**Exercise goal**
Pictures are to be omitted; everything else in the data must be transcribed exactly.

**Material provided**
***

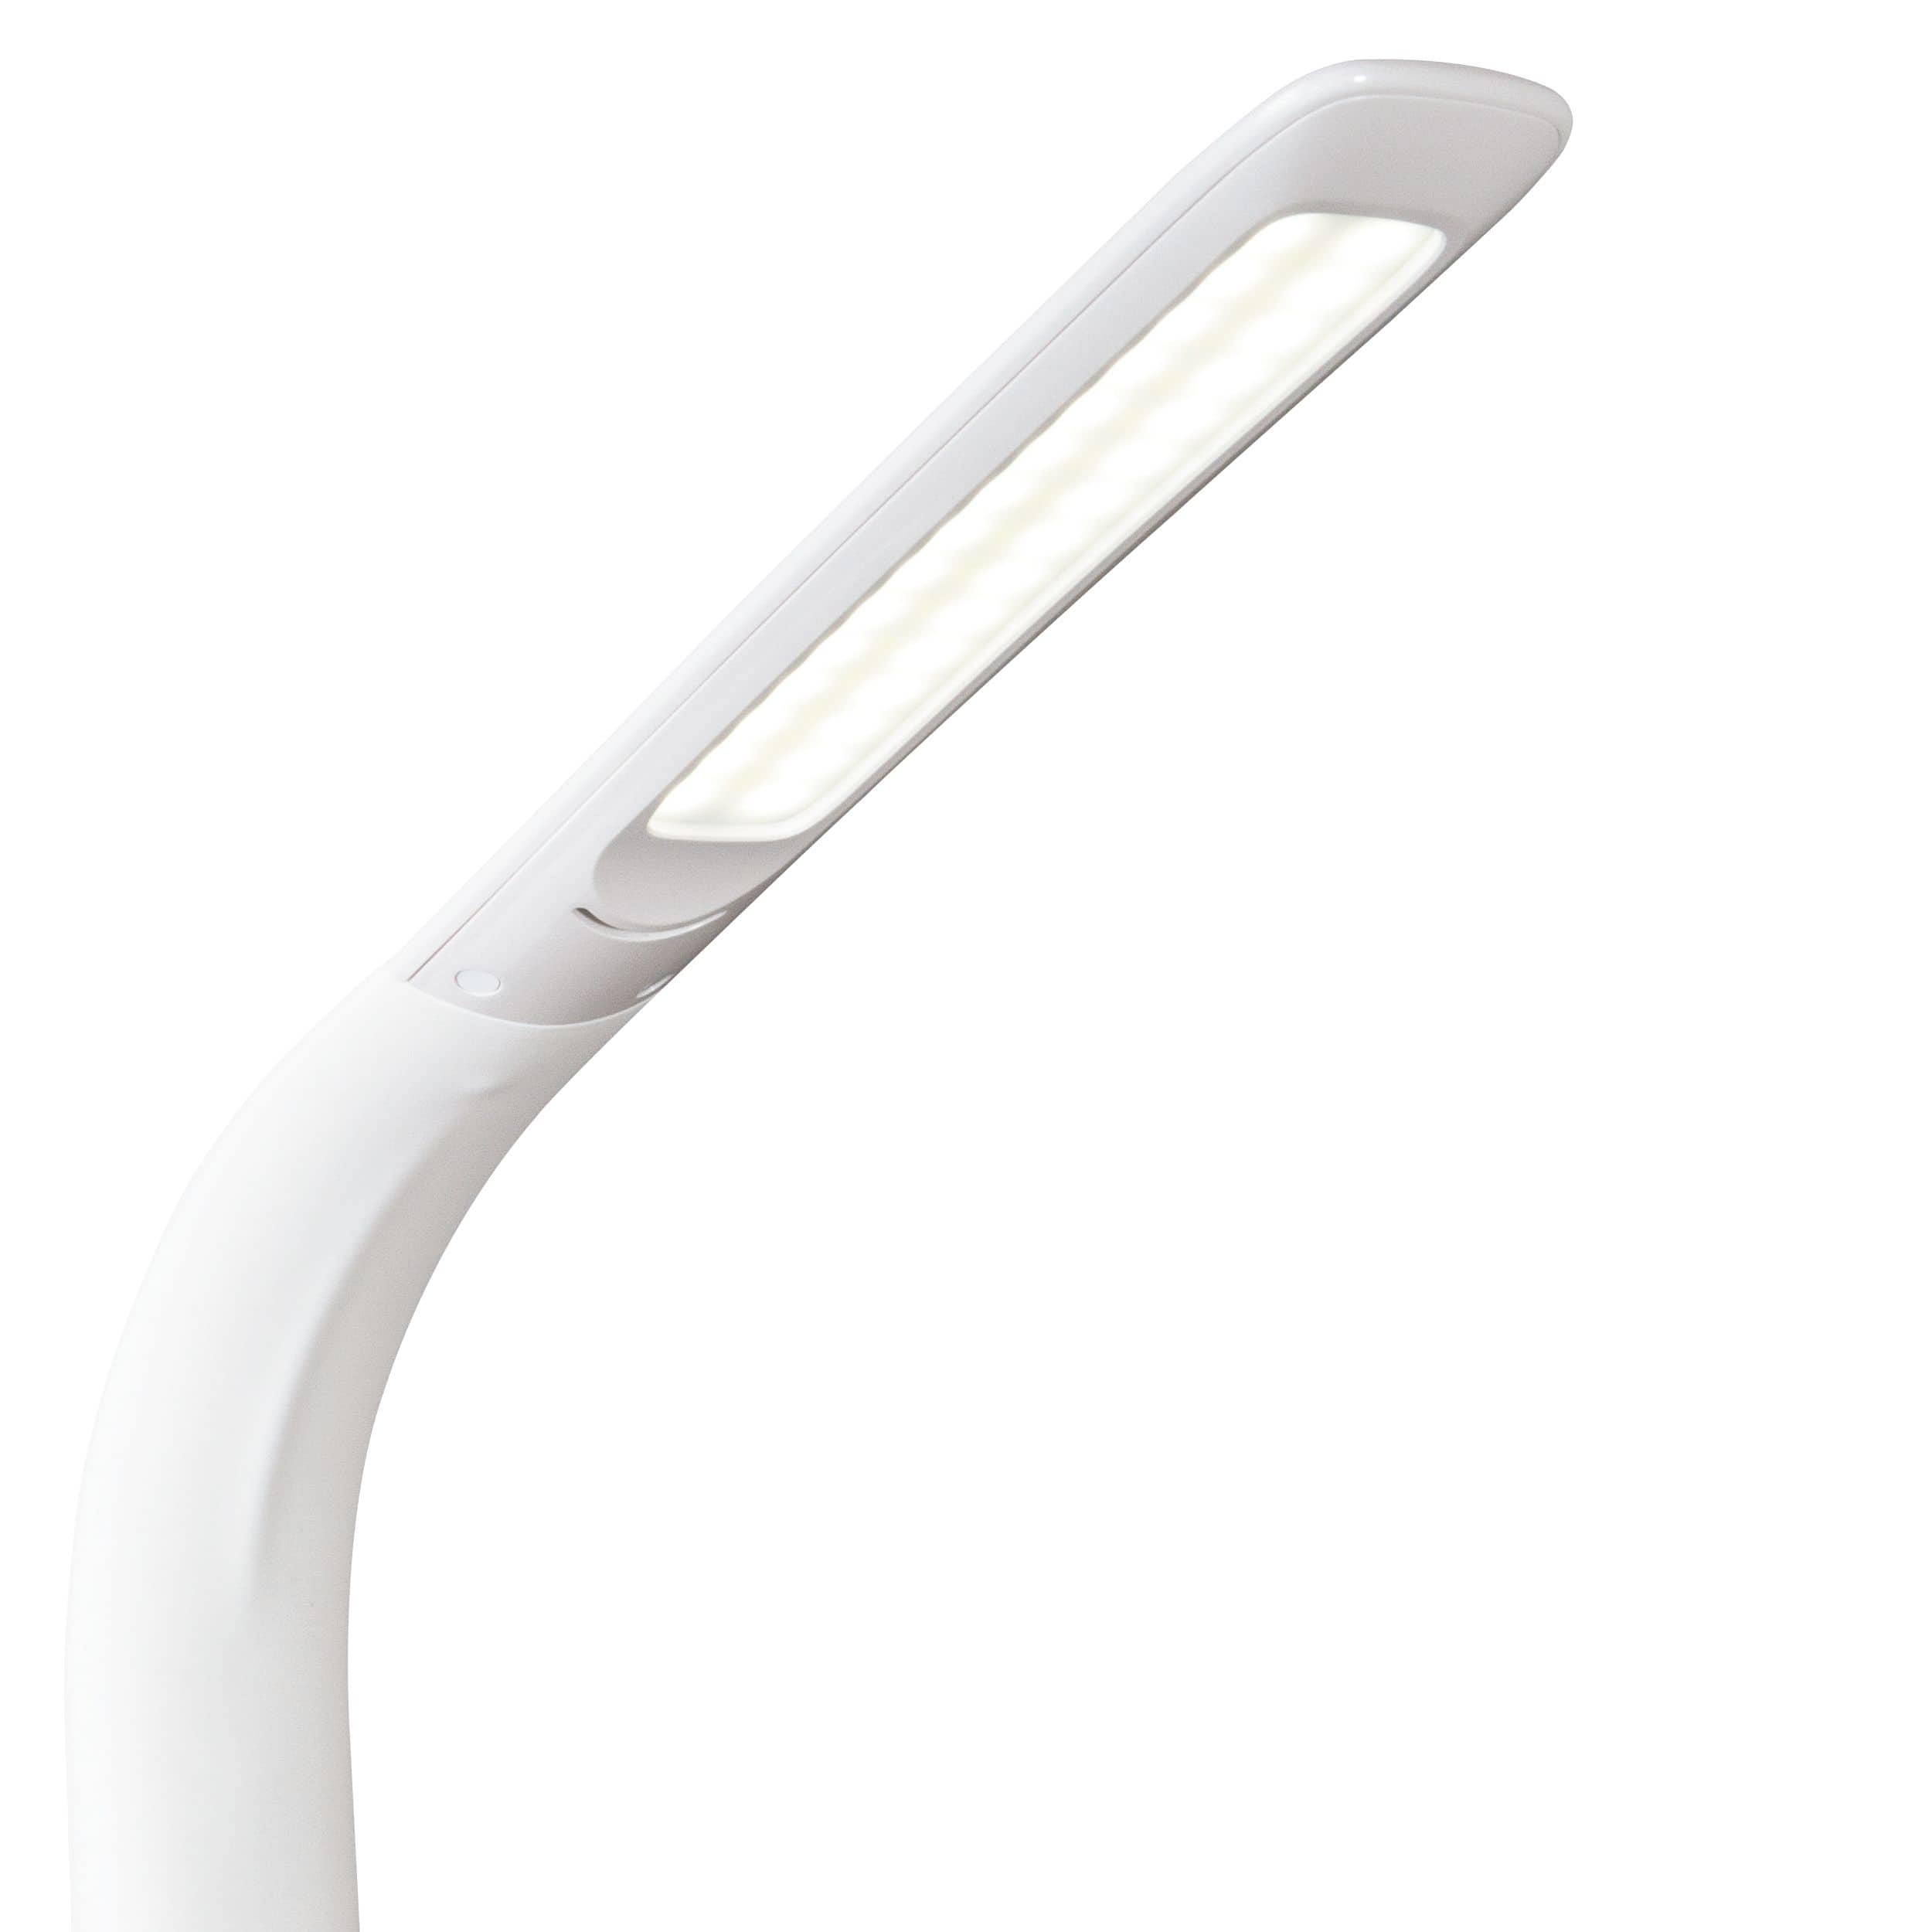 OttLite Purify LED Sanitizing Desk Lamp with Wireless Charging – Eliminates  up to 99.9% of Bacteria, Touch Activated, Flexible Neck, Modern Light for  Reading, Crafting & Office Desktop 
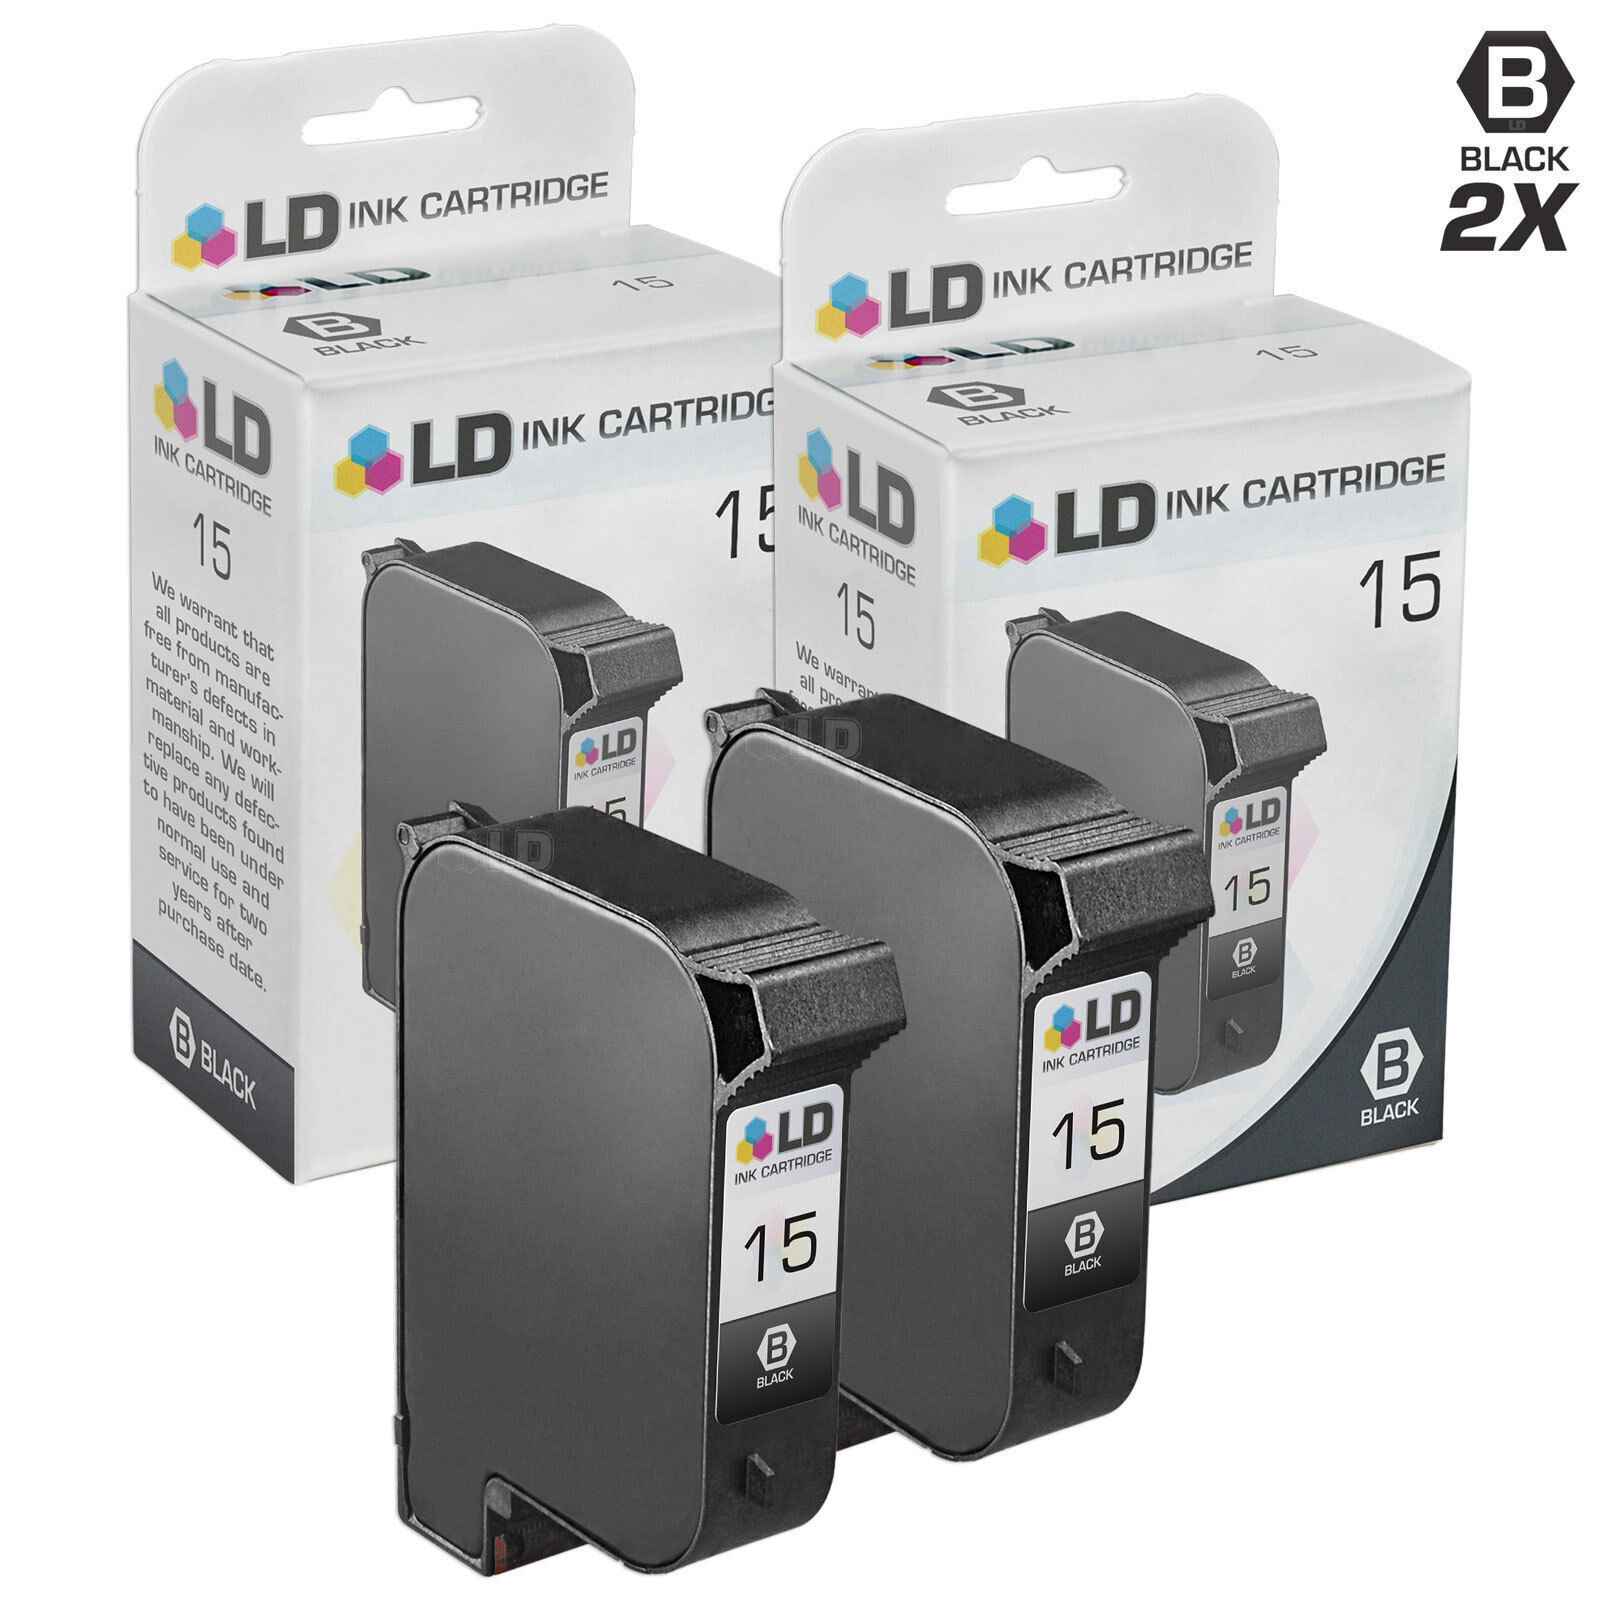 LD Remanufactured Replacements for HP 15 / C6615DN Black Ink Cartridges 2-Pack
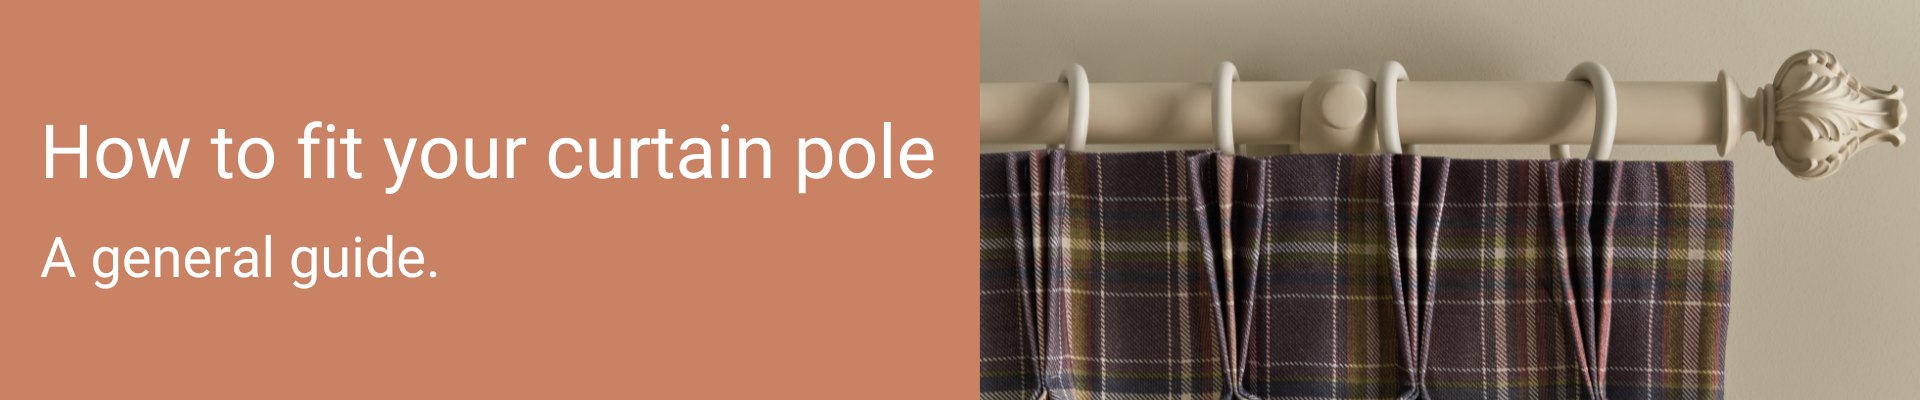 How to fit a curtain pole

***

**Response**
 OttLite Purify LED Sanitizing Desk Lamp with Wireless Charging – Eliminates  up to 99.9% of Bacteria, Touch Activated, Flexible Neck, Modern Light for  Reading, Crafting & Office Desktop 
 LD Remanufactured Replacements for HP 15 / C6615DN Black Ink Cartridges 2-Pack
 How to fit a curtain pole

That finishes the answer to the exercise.